Je suis assez d’accord avec l’ensemble de tes prises de position.
Au plan international, il faut en effet que l’Europe existe enfin, et ne soit pas que le tigre de papier qu’elle ne parvient même pas à être aujourd’hui. Pour ça, une défense commune intégrée à l’OTAN à la place des 27 défenses nationales, une diplomatie commune et une place de membre permanent au conseil de sécurité de l’ONU à la place de celles des états membres qui y sont actuellement (France et Royaume Uni). Ceci pour les institutions. Pour ce qui est de la politique, une vraie préférence communautaire à la place de la « passoire » que sont actuellemet les frontières de l’Union. Le protectionnisme n’est pas un gros mot, surtout quand il est pratiqué par tout le monde ou presque, sauf nous…
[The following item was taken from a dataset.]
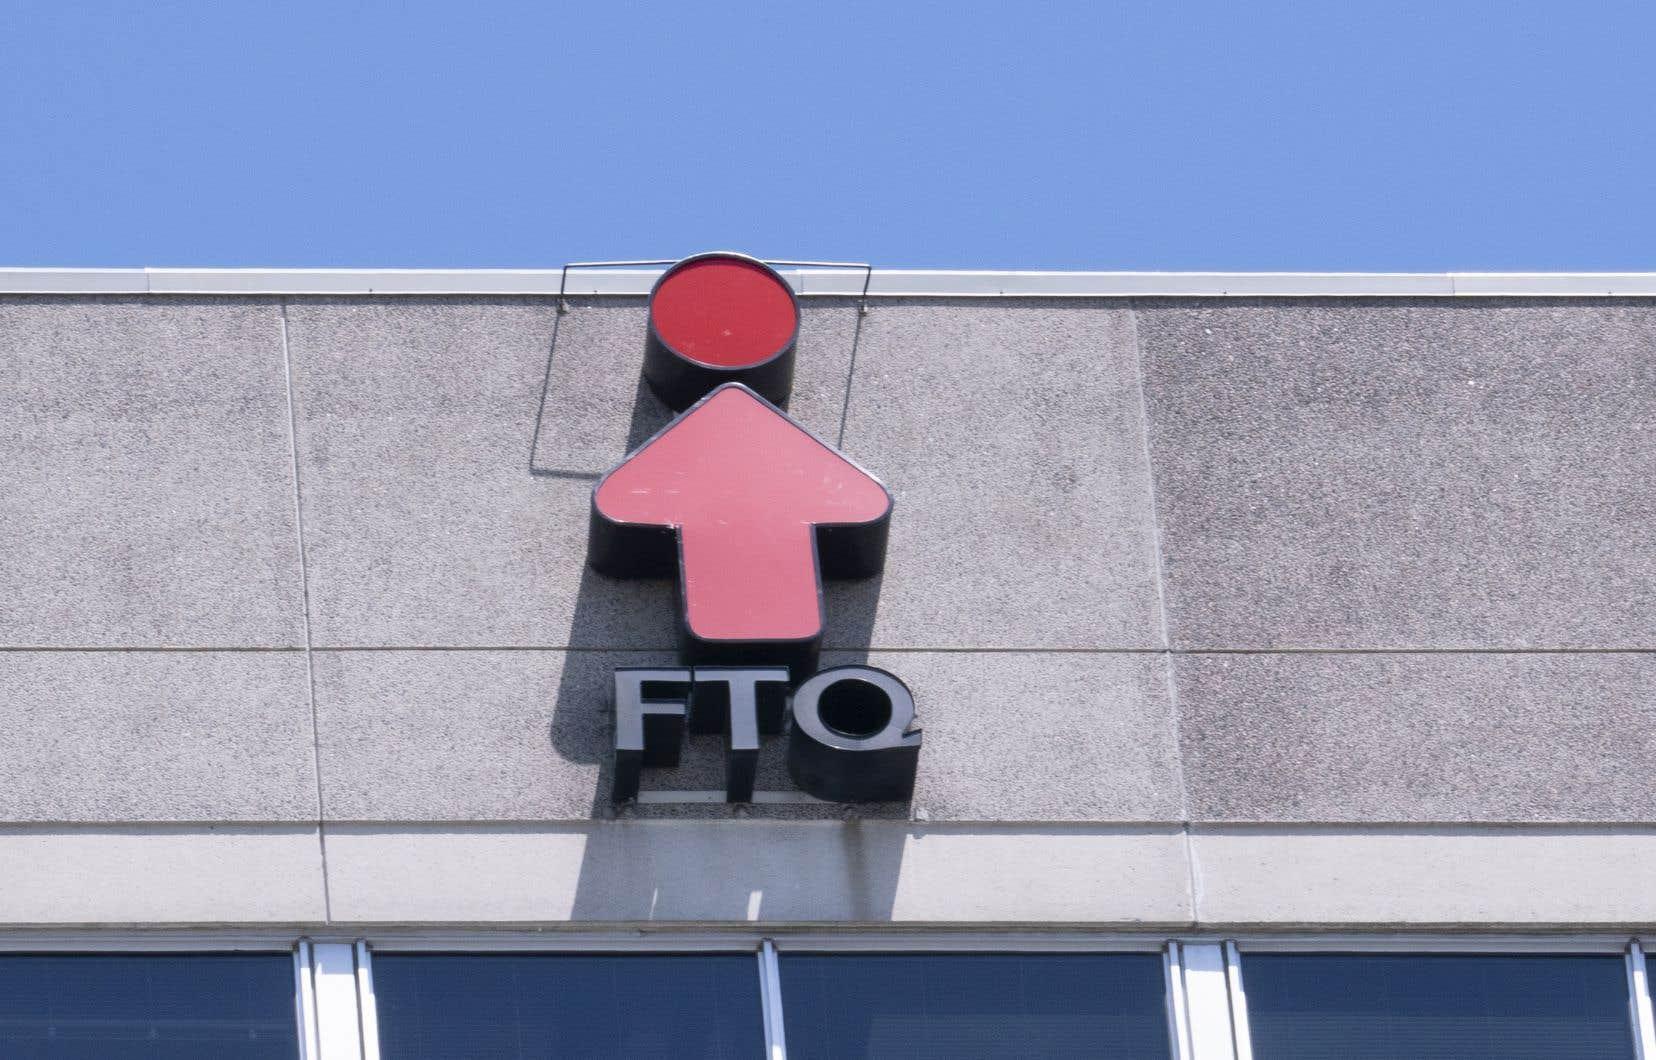 Le Bureau de direction de la FTQ compte désormais 7 femmes et 10 hommes — une première pour la centrale.

Au plan intérieur (à l’Europe), d’accord pour maintenir la compétition économique entre les états membres, y compris sur le plan fiscal. Mais il faut une réelle gouvernance au niveau européen pour réglementer la saine concurrence et lui garantir des règles de loyauté. La subsidiarité ne signifie pas l’acceptation du strict « chacun pour soi ».
Pour ce qui est de « fédération ou confédération », la différence est assez ténue. D’accord sur ce qui a été dit, sauf qu’il convient impérativement que cette entité européenne soit une entité forte, et pas un simple club de libre échange. C’est cependant la vision que semble souvent en avoir le Royaume Uni par exemple.
Ces idées sont beaucoup trop simplement exprimées, et beaucoup trop incomplètes. Je n’ai pas la place ici, ni le temps, de m’étendre sur le sujet, que j’ai eu l’occasion de traiter sur mon propre blog où j’y reviendrai sans doute.
A bientôt
salut René, merci pour ce commentaire qui précise bien ta position. Juste, concernant la « saine concurrence » : la seule concurrence saine, à mon sens, c’est celle qui permet à tout nouvel acteur d’entrer sur n’importe quel marché. CE qui signifie de supprimer tous les monopoles obtenus par la contrainte. Un monopole de fait n’est pas attaquable en soi, mais seulement si l’entrée de nouveaux concurrents est bloquée ou interdite.
à bientôt !
Tout à fait d’accord avec cette formulation.